Figure 1: Expression, distribution, and regulation of clusterin in human AH outflow pathway.

Figure 1:

A. Expression profile of clusterin isoforms in TM cells by reverse-transcription polymerase chain reaction (RT-PCR) showing transcript 1 that gives rise to secretory clusterin in HTM. B. Protein expression of clusterin in primary HTM cells (donor aged 69y, male, Caucasian)- whole cell lysate (WCL) and conditioned media (CM), and in AH from a human donor eye (donor aged 60y, male, Caucasian).

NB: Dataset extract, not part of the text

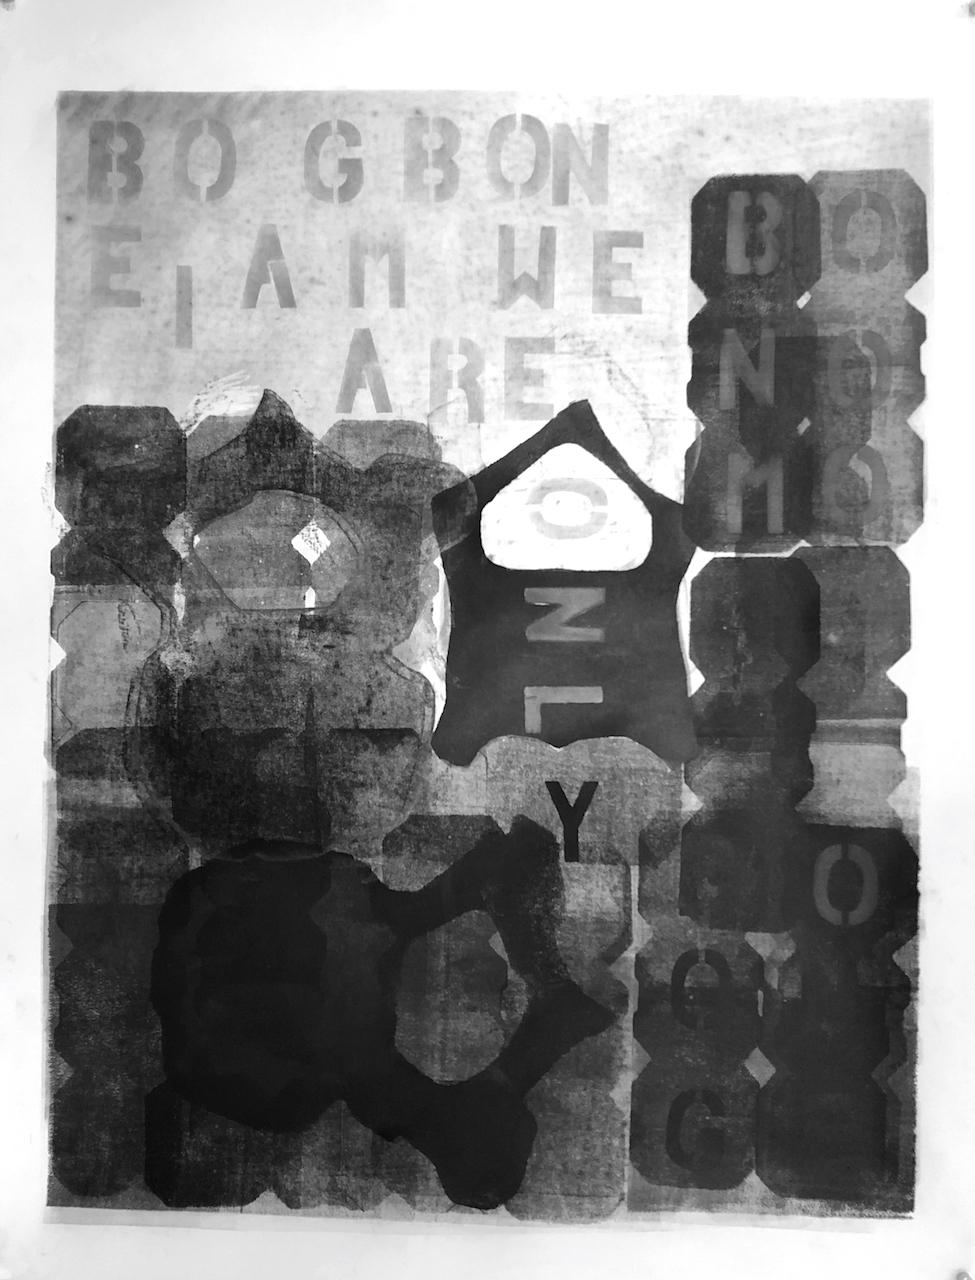 "BOGBON- 2018, acrylic, graphite on paper, hand-cut stencil, drawing. 25"" x 19"""

Clusterin is seen at ~70 kDa along with its heterodimers seen at 36–40 kDa in whole cell lysate (WCL). Mature secretory clusterin was seen at ~70–80 kDa in both CM and AH along with 36–40 kDa heterodimers. GAPDH was used as the loading control for cell lysate, and Ponceau S band was used for CM and AH. C. Immunofluorescence (IF) showing the cytosolic distribution of clusterin (red puncta) in primary HTM cell. The nucleus was stained with DAPI in blue. Images were captured in z-stack in a confocal microscope, and stacks were orthogonally projected. Scale bar 20 microns. D. Tissue distribution of clusterin in the AH outflow pathway of a normal human eye specimen by IF. The representative image shows the clusterin distribution (red) in the TM-JCT region and in the inner wall of SC. DAPI was stained in blue. The negative control in the presence of secondary antibody alone did not show any significant staining (right panel). Images were captured in z-stack in a confocal microscope, and stacks were orthogonally projected. Scale bar 50 microns. E-I. Regulation of clusterin mRNA and protein expression by mechanical stress. E. mRNA expression showed no significant change. F-G. protein levels in WCL and CM was significantly reduced in HTM cells subjected to cyclic mechanical stretch compared to non-stretched control. H. mRNA and I. protein expression in WCL significantly reduced in TM derived from enucleated porcine anterior segments perfused under the elevated pressure of 30 mmHg for 5 h compared to 15 mmHg. The results were based on semi-quantitative immunoblotting with subsequent densitometric analysis. GAPDH and HMBS for HTM and PTM, respectively, were used as internal controls for qPCR analysis. GAPDH, β-actin, or ponceau was used as a loading control for immunoblotting analysis. Values represent the mean ± SEM, where n=4–7 (biological replicates). * p≤0.05 was considered significant.